▶ Data block

BEGIN

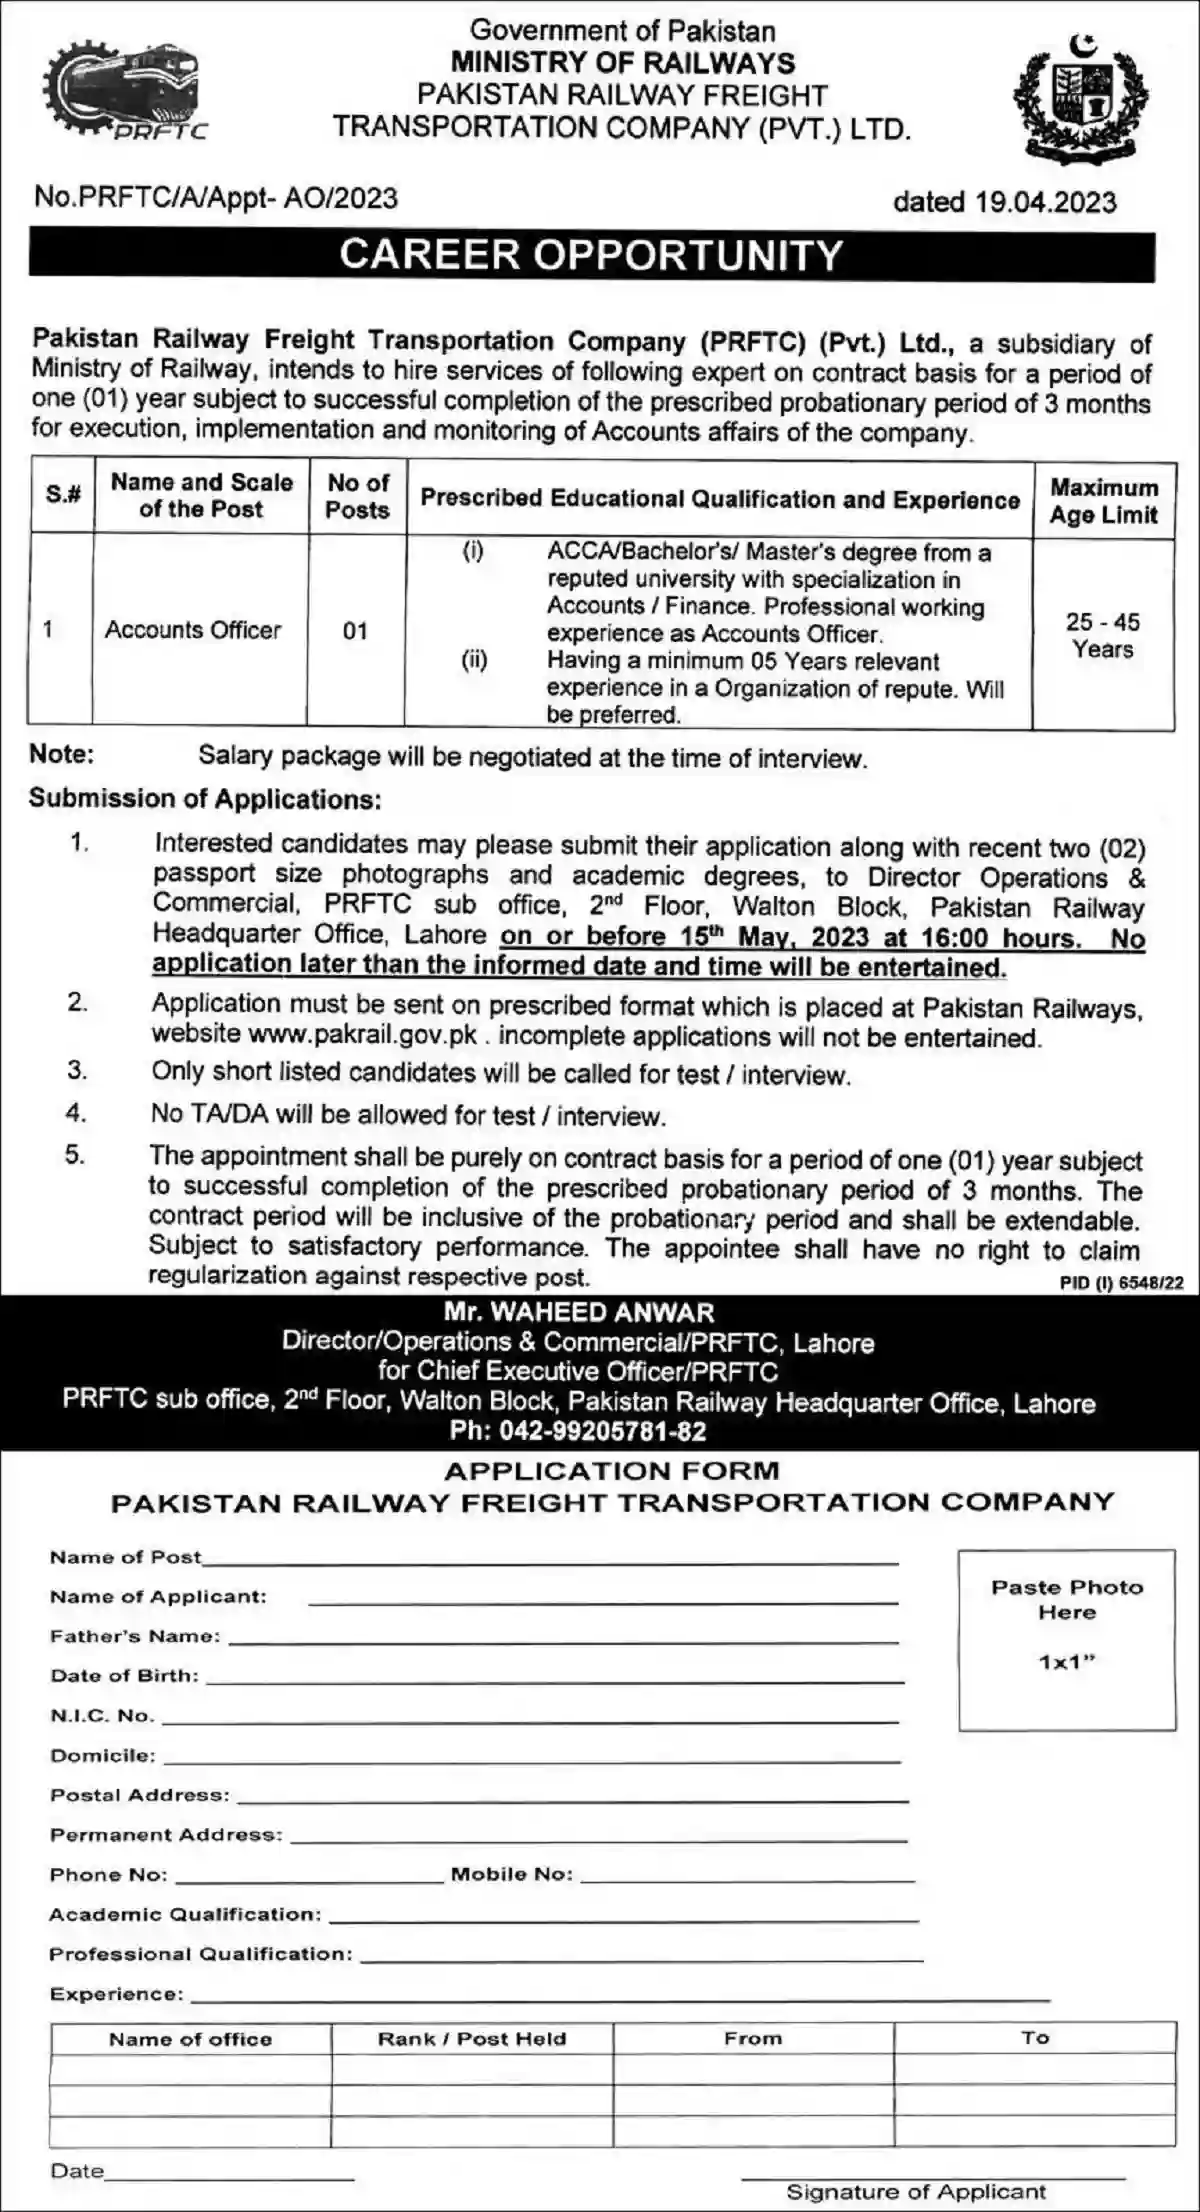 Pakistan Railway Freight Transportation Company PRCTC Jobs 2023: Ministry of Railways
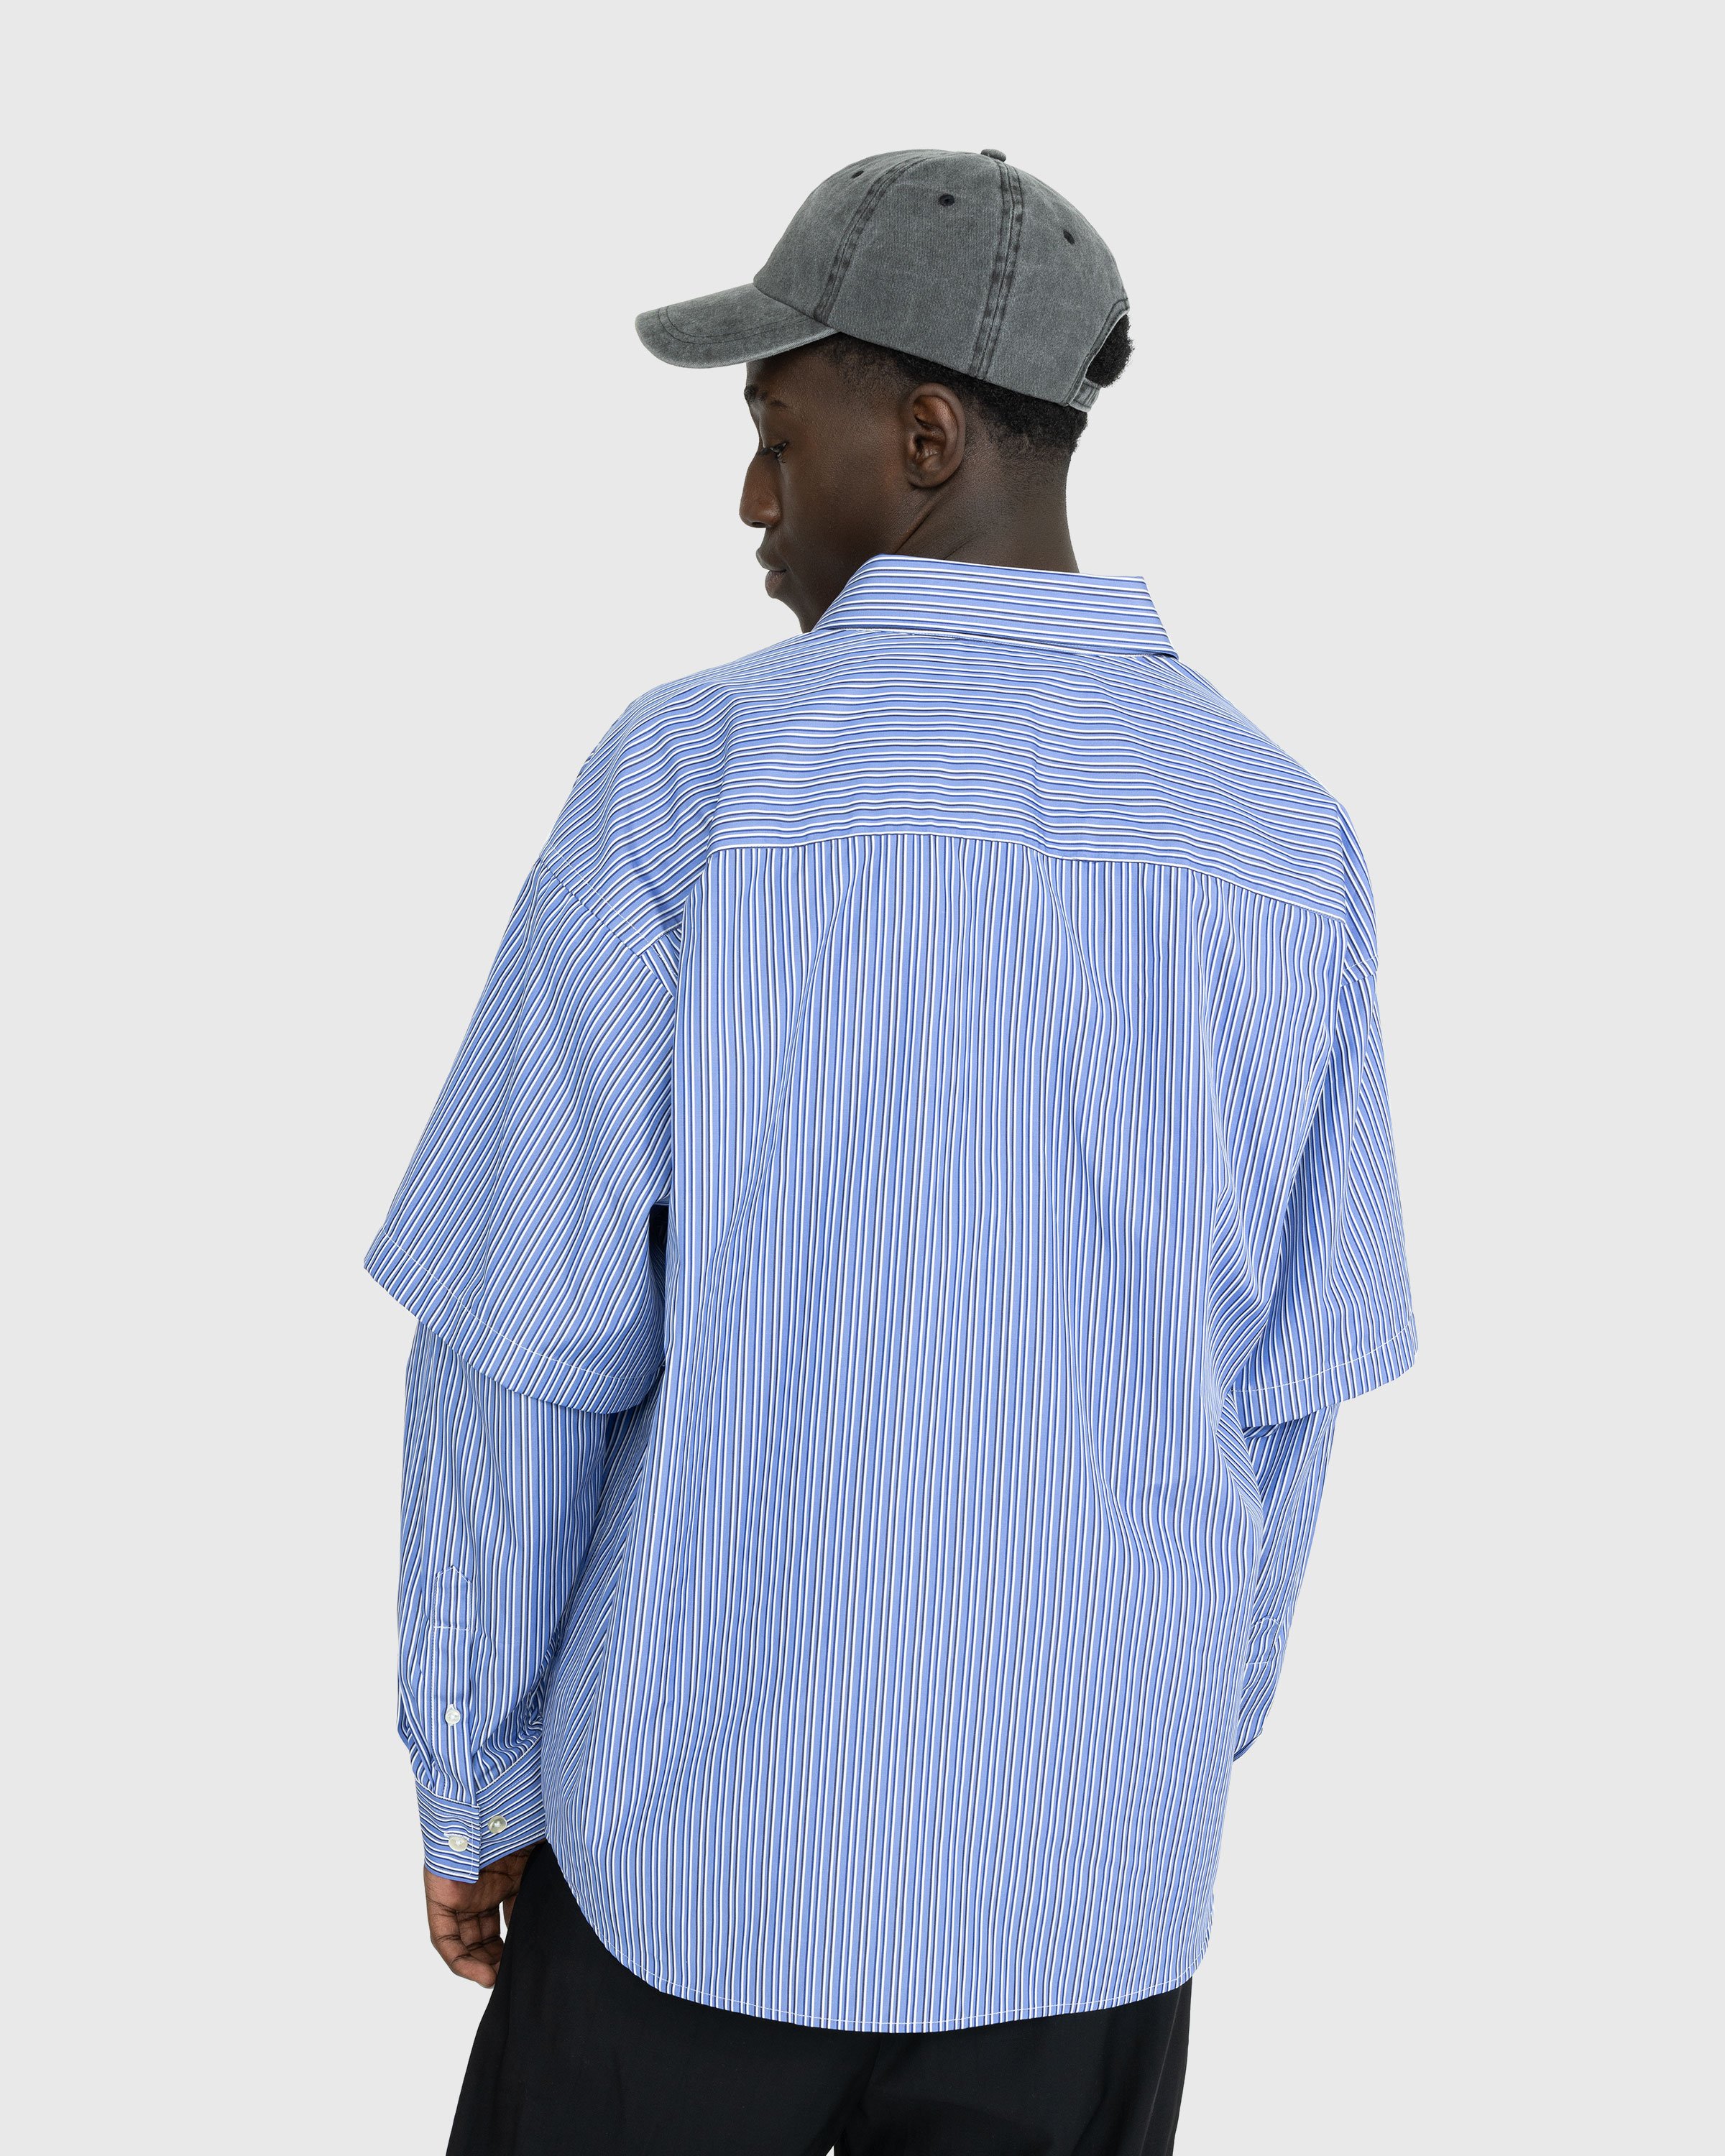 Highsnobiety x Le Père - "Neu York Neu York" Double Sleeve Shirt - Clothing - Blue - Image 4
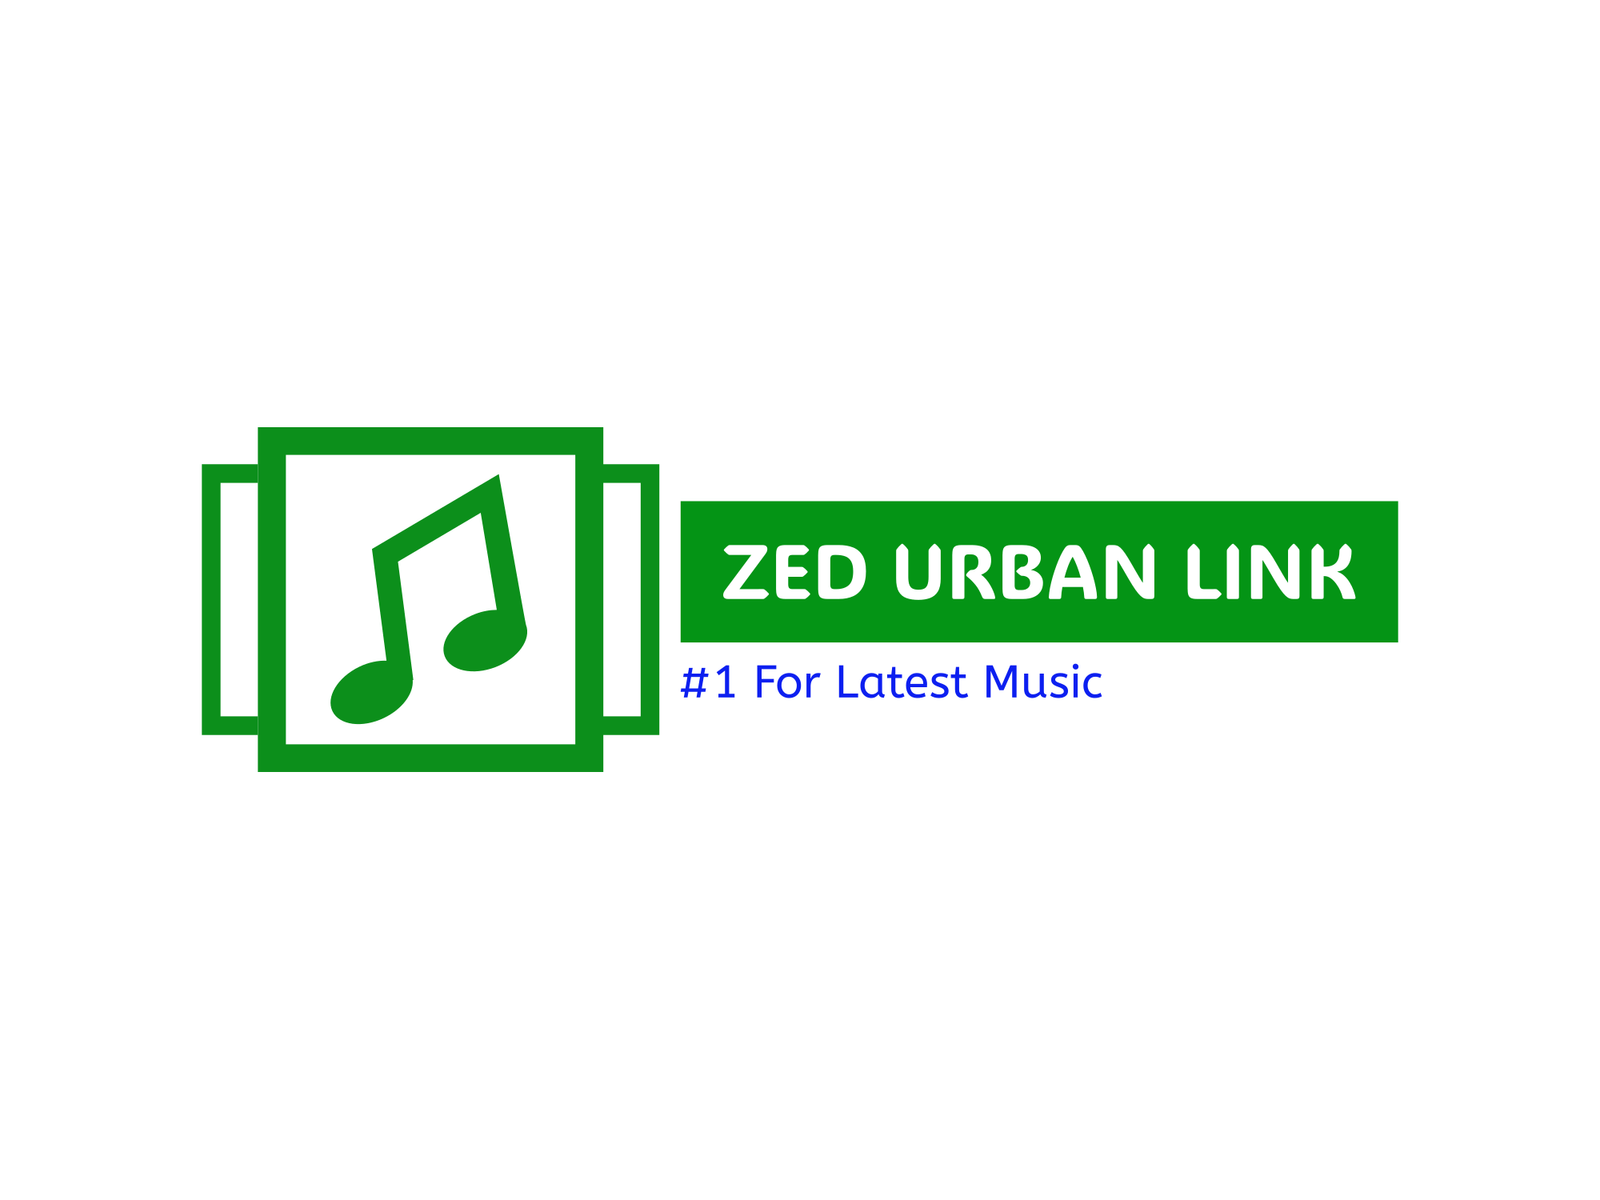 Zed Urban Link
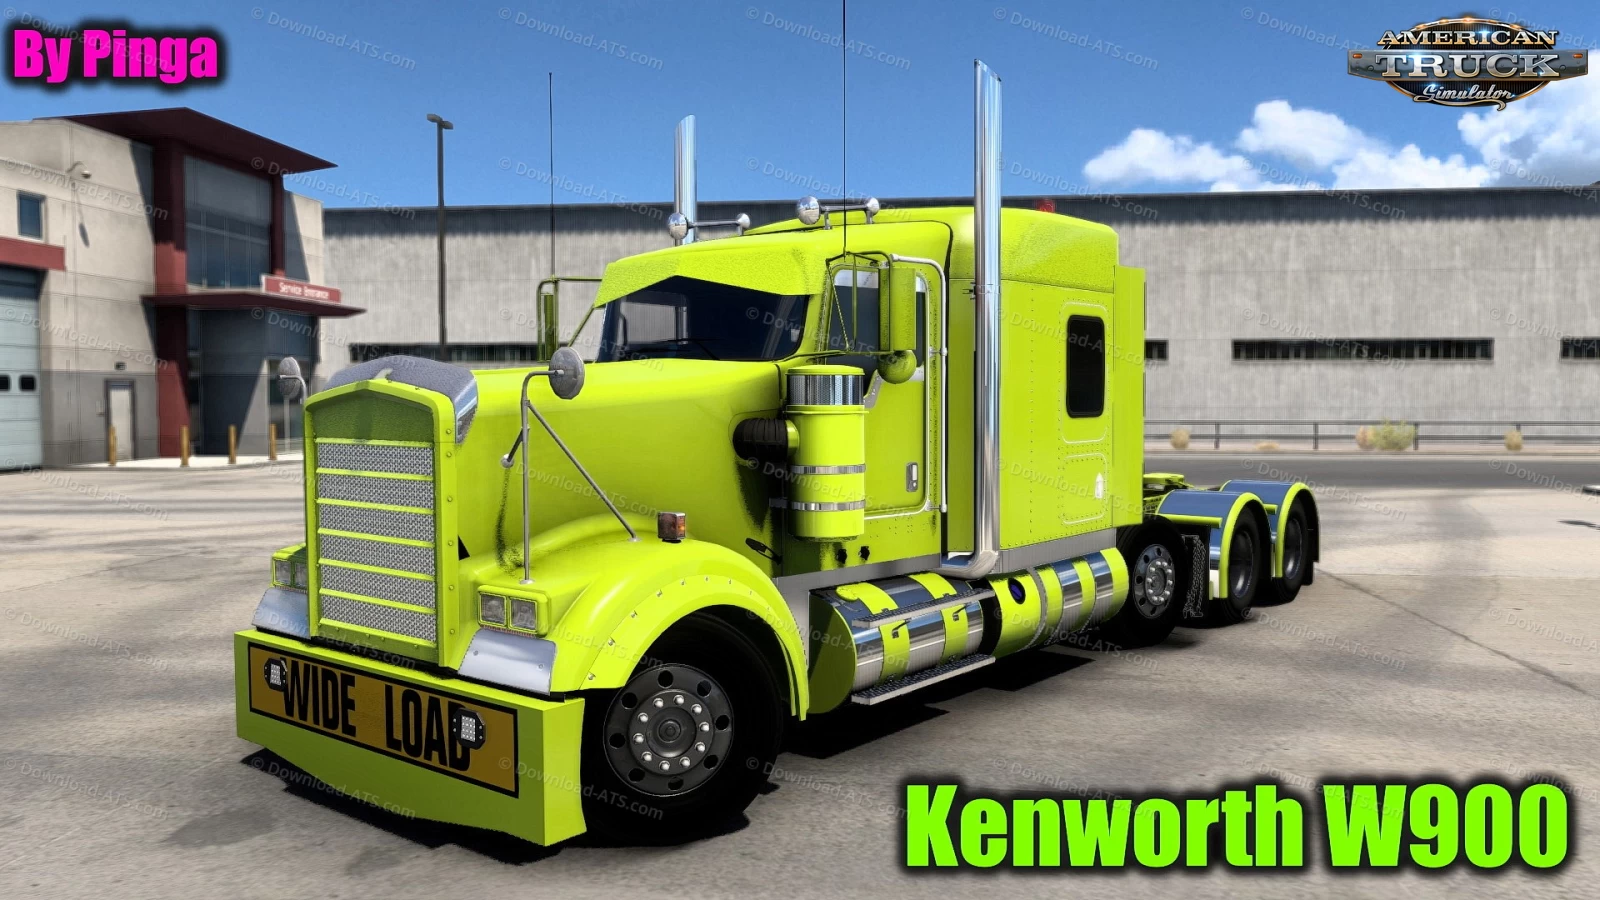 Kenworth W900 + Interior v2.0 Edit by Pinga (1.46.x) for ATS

END

▶ Task statement
Leaving every picture out, output the data exactly as it stands.

▶ Your response
 Pakistan Railway Freight Transportation Company PRCTC Jobs 2023: Ministry of Railways
 Highsnobiety x Le Père - "Neu York Neu York" Double Sleeve Shirt - Clothing - Blue - Image 4
 Zed Urban Link
 Kenworth W900 + Interior v2.0 Edit by Pinga (1.46.x) for ATS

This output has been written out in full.